To understand, I went traveling around conservative sites this morning - that's where you get the real story of how this is playing. No one nailed it better than Erick Erickson at Red State.
Newt Gingrich’s rise has a lot to do with Newt Gingrich’s debate performance. But it has just as much to do with a party base in revolt against its thought and party leaders in Washington, DC. The base is revolting because they swept the GOP back into relevance in Washington just under two years ago and they have been thanked with contempt ever since.
Adding insult to injury, the party and thought leaders now try to foist on the base a milquetoast moderate from Massachusetts. Newt Gingrich can thank Mitt Romney and more for the second look he is getting...
People are mad as hell they are about to be stuck with another boring, moderate, uninspiring choice that has at best a 50/50 shot at losing to the worst president since Carter. They are flocking to Newt not because they think he’s a great guy, but because right now, he’s the only one fighting for conservatism and GOP voters are looking for a vessel to channel their anger with Obama and their complete disappointment with the GOP establishment which is now embodied perfectly by Romney....
Newt has taken the worst the media, Romney and the left can dish out, and he’s still standing and fighting with passion and eloquence. Sure, he’d probably be an erratic President, but right now Republican voters don’t care about his Presidency. They care about the fight with the left both Mitt Romney, and the Washington Republican leaders like John Boehner and Mitch McConnell don’t seem inclined to engage in.
This should help us understand that when we use the word "electability," Republican base voters mean something totally different than many of us assume. As Erickson said, they don't care about the Presidency and actual governing...they want a fight - the nastier the better.
Injecting a big dose of testosterone into the presidential debate, Republican candidate Newt Gingrich said Tuesday he wants to "knock out" President Obama in the general election in response to a question about whether he wants to bloody his nose...
Gingrich responded, "I don't want to argue with you about the analogy. I don't want to bloody his nose, I want to knock him out."
The audience applauded.
You have to remember, these Republicans are the ones who fanned the flames of Obama as the Kenyan socialist antichrist who is out to destroy America with his death panels and government intrusion into every nook and crany of your life. Republican base voters bought all that garbage and now you want to offer them the "milquetoast moderate from Massachusetts?" I think not!
Update: The perfect example of the "milquetoast moderate from Massachusetts" is Romney's statement that he will release his tax returns this Tuesday.
Republican presidential candidate Mitt Romney said Sunday that he will release his 2010 tax returns and 2011 estimates on Tuesday, acknowledging it was a mistake for his campaign not to have done so earlier.
First he said "no," then he said "maybe," then he said "later," and now he says "yes."
While most of us would say the later is the right thing to do, this kind of thing is EXACTLY what pisses off the Republican base. What did Gingrich do when pressed about his marital infidelities? He basically said STFU and blamed the leftist media. Republicans in SC flocked to his campaign because of it.
What's funny is that Newt used to be a "Saul Alinsky radical." Newt's a joke to me. The tea baggers have proven that they deserve my disdain.
ReplyDeleteVic78
Yeah, they may want a fight with Obama, but they are going to have deal with this major riff first. This riff is between The GOP elites and the rank-and-file GOP (mostly working class and social conservatives). The rift was always there and in certain states, the riff has played out openly at the state and local government level. However, this fight has gone national!

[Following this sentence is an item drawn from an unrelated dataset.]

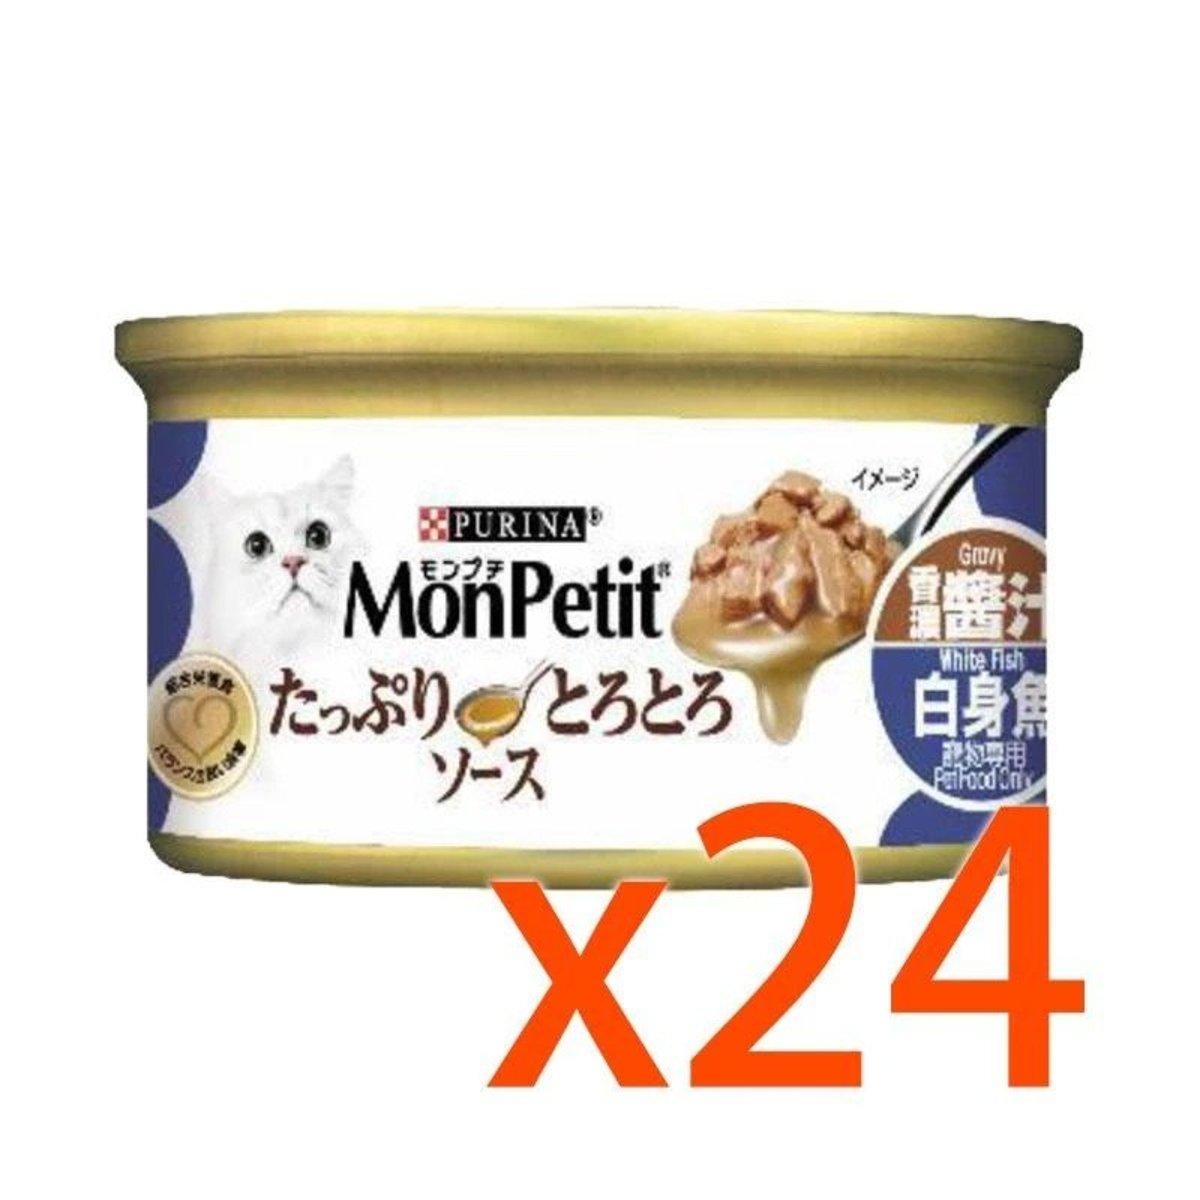 至尊系列 罐頭 85g - 原箱24罐 / 香濃醬汁白身魚

ReplyDeleteAlso, the Bain documentary is a major cause of this riff. In the SC primary, Romney got very little of working class vote. This demographic supported Newt overwhelmingly.

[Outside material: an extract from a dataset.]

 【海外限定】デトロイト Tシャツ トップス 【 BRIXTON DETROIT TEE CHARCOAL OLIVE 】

So, I'm not so sure if Newt is fighting for the conservatism described in the Red State comment above. All I know is that the working class/social conservatives in the party are angry at Romney and others in the GOP elite.
If ever there were a cautionary tale, this is it. The Republican Right don't care about governing (that much has become abundantly clear with Congress); they want a fight...bloody the nose of the Left. Isn't that exactly what we've been seeing with the Radical Left? They don't give any real care to the actual day-to-day tasks of governing or change...they want their perp walk, they want the President to use the bully pulpit, they want the President to bloody the noses of the Right. Plain and simple. I think it's time we acknowledge that the Left have become militant in their outlook, very much like they did in the 70's. This is about doing violence to the other side but it has been couched in the 'non-violence' of civil disobedience. We cannot afford to let the Left take over the Democratic Party the way the militant Right has taken over the Republican Party.